Australia's labour market is becoming like its housing market
By treating labour like a durable capital stock, Australia is legislating its workforce into the same rigid corner as its housing market.
I've written about last week's national account data from an inflationary perspective, but it's also an important series for productivity metrics. Now, productivity data are notoriously noisy in the sense that you shouldn't read too much into a single data point. But for Australia the long-run trend is clear: the economy is bifurcating.
Market sectors (excluding mining) have managed 0.7% annual productivity growth since 2015. Meanwhile, government-aligned sectors such as public administration, health, and education have gone backward, at around -0.2% per annum.

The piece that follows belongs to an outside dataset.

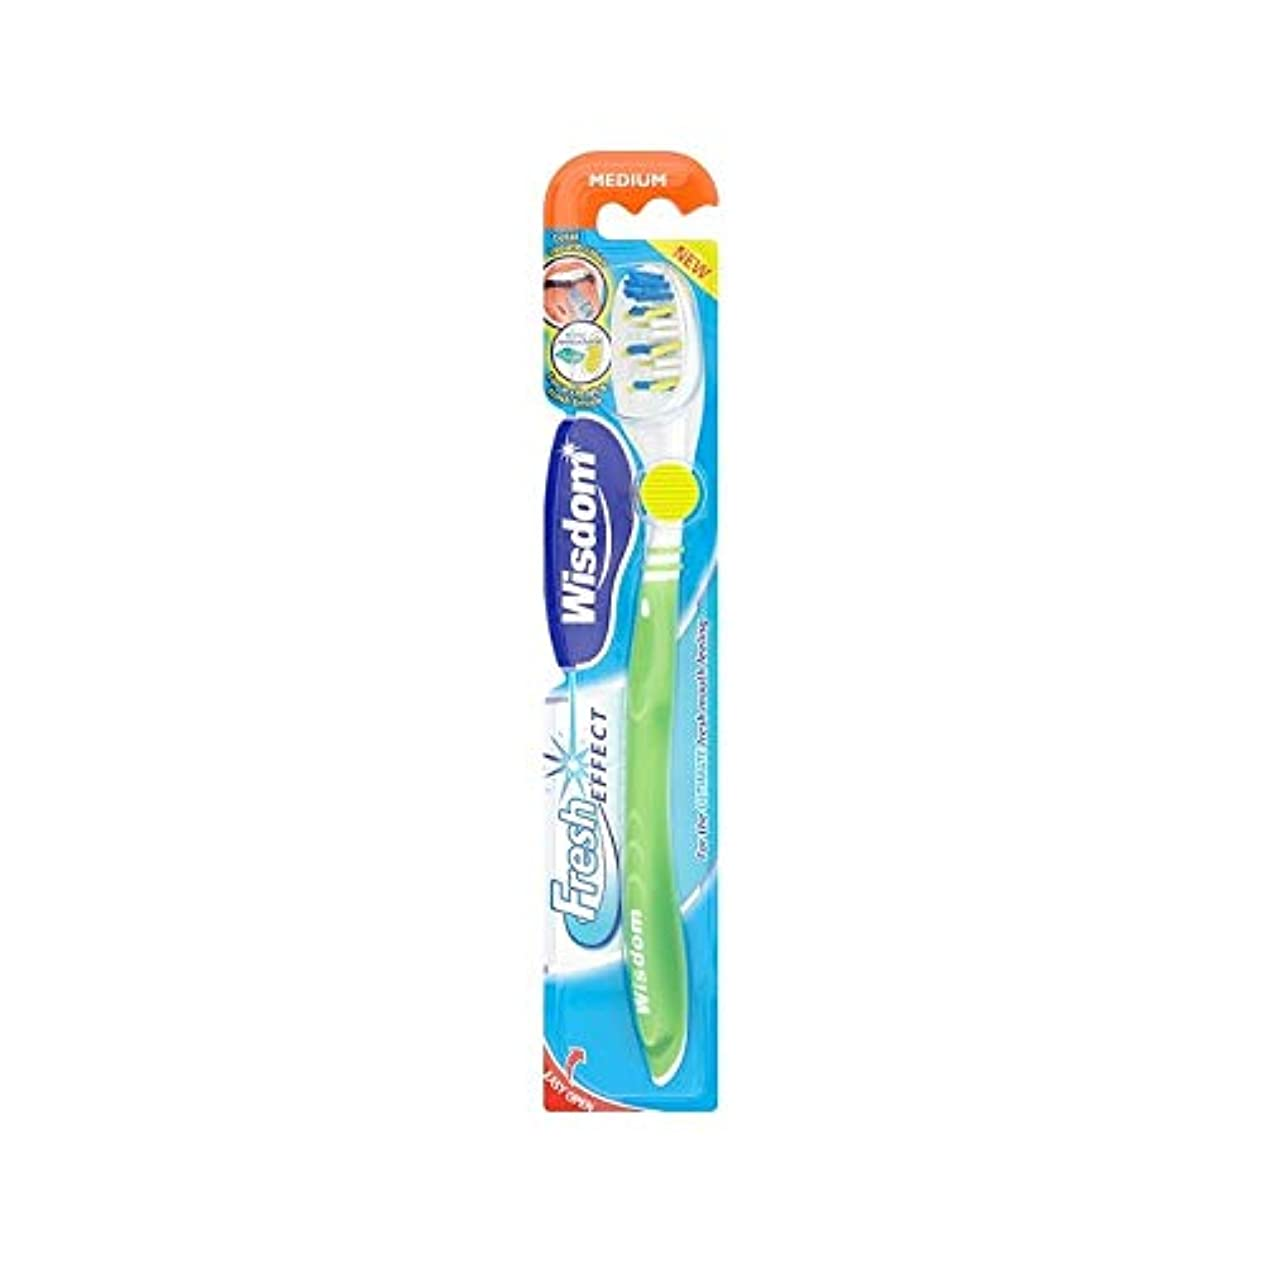 メーター動揺させる多年生[Wisdom ] 10の知恵フレッシュ効果メディア歯ブラシパック - Wisdom Fresh Effect Medium Toothbrush Pack of 10 [並行輸入品]

All-important construction productivity is 5% lower than it was twenty years ago, gummed up as it is by land-use and labour regulations.

A recent piece from economist Brian Albrecht offers a useful framework for thinking about at least part of what's going wrong in Australia. Albrecht highlights how Europe's rigid labour markets have turned workers into a durable capital stock more akin to houses than software. That creates a couple of problems: one, even if you wanted to hire workers, you wouldn't because you can never fire them; and two, everyone is in the same boat so even if you did, there's no one to hire in the first place.
Essentially, the churn of workers that drives reallocation from less productive to more productive firms grinds to a halt. Big, unproductive firms hog resources and meander along, while productive start-ups never get off the ground.
That's not yet the situation in Australia, where more than half of the workforce have been with the same employer for fewer than five years. But the Albanese government's industrial relations reforms have been systematically tightening the margins on which labour adjusts.
Casual conversion is now employee-initiated. Labour hire must be paid the same as direct employees. Fixed-term contracts are capped. Gig workers get unfair dismissal protections. The "right to disconnect" adds compliance overhead. Each reform individually might seem modest, but collectively they're making Australia's labour market more like its housing market.
The last successful liberalisation of Australia's labour market was more than 30 years ago under a Labor government (Keating), and the last attempt under the Coalition was so politically catastrophic that they're unlikely to touch it again. So slowly but surely, the productive market sectors of Australia's economy have started to mirror the unproductive government-aligned sectors, where similar rules have been in place for many decades.
But you wouldn't know it from the headline numbers, because Australia's terms of trade have remained historically elevated the entire time. Basically, commodity prices are doing an enormous amount of work masking the underlying rot.

The real danger for Australia is when the commodity luck runs out. When the terms of trade normalises, firms locked into rigid employment relationships won't be able to adjust as easily as they might have hoped. Workers trapped in low-productivity sectors won't reallocate to higher-productivity ones. And the uncertainty created by the regime itself will suppress hiring even before the downturn arrives, as it does in Europe.
You can't un-build a house. Increasingly, you can't un-hire an Australian worker, either.